Но над Толиком болезнь не так сильно поизмывалась, да и что-то другое у него было. Толи полиомиелит, толи ещё что-то. Во всяком случае, напичканный металлом и пластмассой, он хоть с трудом и с помощью костылей мог с дивана пересесть в коляску и самостоятельно передвигаться не только по дому, но и по селу. А то попросит мужиков, они занесут его в автобус и айда в город к Славику. А телефона у Тольки не было, вот он и ходил звонить на почту, и ему разрешали.
Начальником отделения связи, или, как называли в селе – зав почтой, был Павел Игнатьевич. Сам хромой – в детстве неудачно упал с лошади, он жалел и Тольку, и его друга Славика, которого ни разу не видел. И не просто жалел. А когда парень гремя толи костылями, толи полужелезными ногами вставал с коляски, Павел Игнатьевич благодарил Бога за то, что сам хоть и хромой, а однако ж на своих ногах и вот работает да ещё и других пожалеть может. Да и жена у него, и ребят двое, и домишко какой-никакой, и не пьяница, как другие мужики.
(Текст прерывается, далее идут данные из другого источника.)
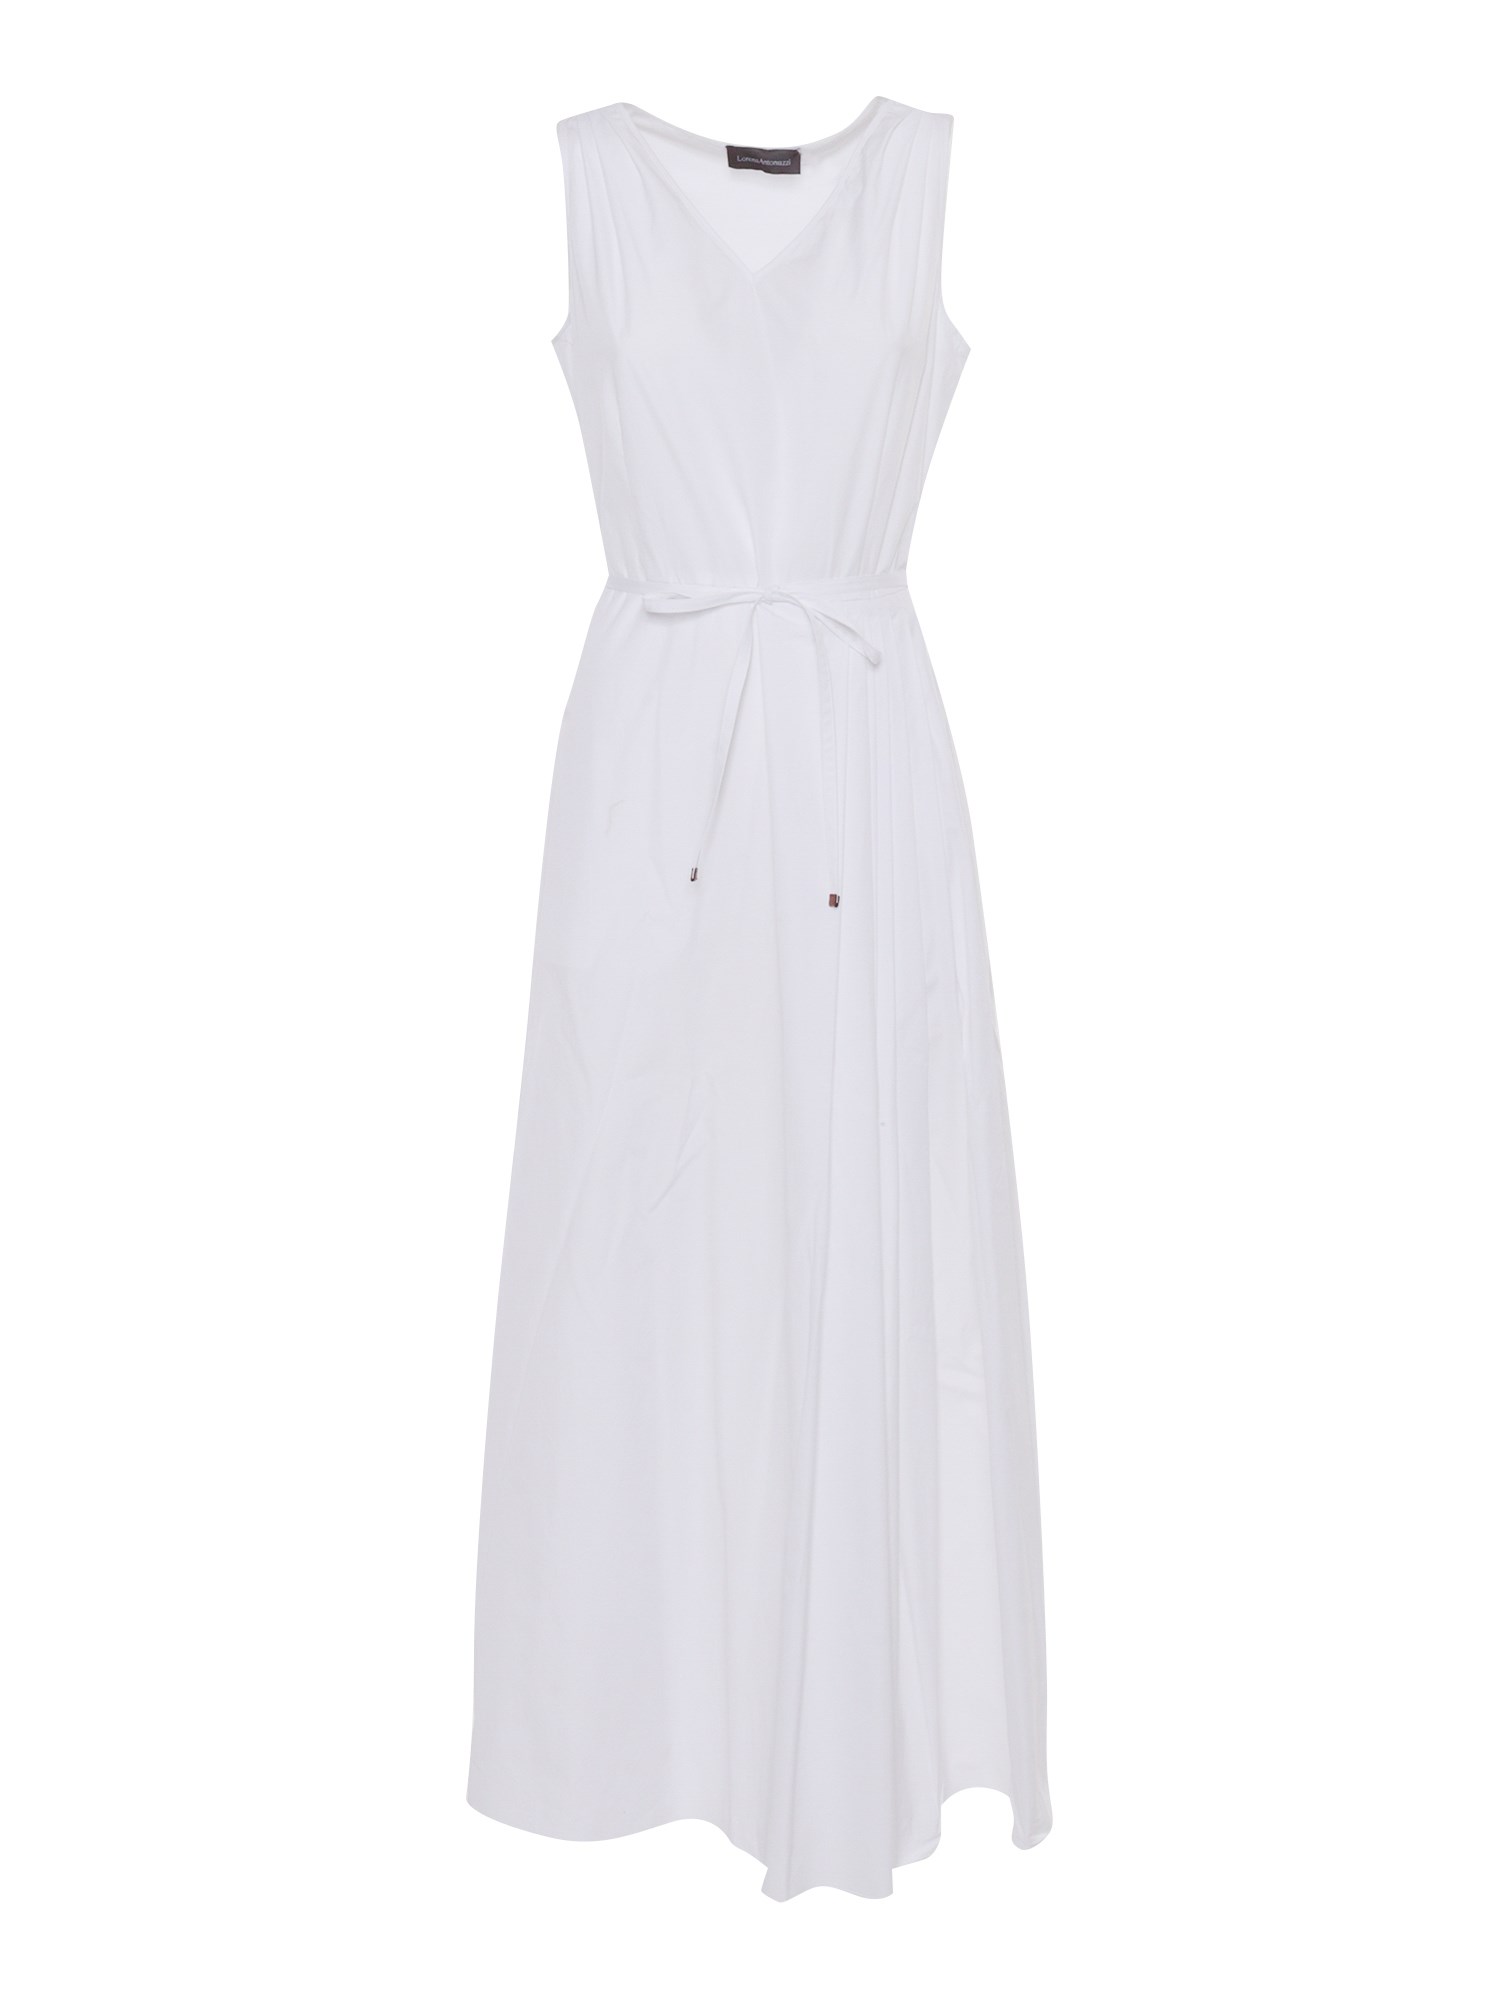 Lorena Antoniazzi Long White Dress

В общем, Толька и его друг на другом конце провода, убогую жизнь Павла Игнатьевича в сравнении делали краше. А ребята могли пообщаться. Сотовые телефоны появились много позже, когда Тольке было за пятьдесят, а Славика не было совсем. А тогда почта с её хромым хозяином стала для них такой скорой душевной помощью, без которой жизнь друзей была бы горше и безотраднее. Ещё Толькина – туда-сюда. Он и к мужикам у магазина подъедет, и покурит с ними, А Славику без этих телефонных свиданий считай труба.
Но однажды приехав на почту, вместо Павла Игнатьевича Толя увидел девушку и долго не мог решиться попросить позвонить. Пока она сама не спросила, что ему надо. Только тогда он заикаясь изложил свою просьбу.
- Только не долго, - сказала она с напускной серьёзностью, - вдруг телеграмма срочная придёт.
-Нет, нет я быстренько, - скороговоркой проговорил Толик, набирая номер друга.
- Алло, Слав, не звонил долго, болел. Да нет, ничего страшного, простудился. А ты как? И когда? Нет, я пока не еду, мне ещё через полгода. У нас новость, девушка теперь зав почтой. Дядя Павел в больнице, язва, сейчас только узнал. Хорошо, я попрошу. – Прикрыв трубку ладошкой, он тихонько, умоляющим голосом спросил строгую начальницу: - А можно он с вами поговорит? Ну, пожалуйста. А как вас зовут? Света? Ну, пожалуйста…
Ах, если бы она знала, какой он – тот, что так хочет с ней поговорить и попросить о совсем небольшой услуге, разве бы она так ставила из себя незнаемо кого? Разве бы так ломалась?
- А зачем? Глупости всё это. Ещё чего не хватало.
-Вы только его послушайте, это мой друг Славка, ему очень нужно…
Света как бы нехотя взяла трубку: - Алло, я вас слушаю. Что вы хотели?
Славик волнуясь, и от того немного заикаясь попросил: - Можно мы с Толей иногда будем говорить по телефону? Это у нас почти единственная возможность общаться. Ему ко мне добраться нелегко, а мне к нему невозможно.
-Почему? – удивлённо спросила Света. Она только много позже осознала, насколько некорректно прозвучал её вопрос.
-Потому, что я не только не хожу, но и не сижу, - резко ответил Славик, и Света услышала в трубке короткие гудки.
Она позвонила сама прямо в тот же день, как только ушёл Толик. Назавтра позвонила снова, потом он стал звонить. Она не знала, о чём с ним говорить по телефону и потому болтала всякую чепуху. Рассказывала о своей прежней работе и о том, что на новом месте у неё не всё получается, читала стихи – свои и чужие, даже пыталась травить анекдоты. Но потом однажды взяла и напрямую спросила: - А можно я к тебе в гости зайду? Мы ведь в одном городе живём.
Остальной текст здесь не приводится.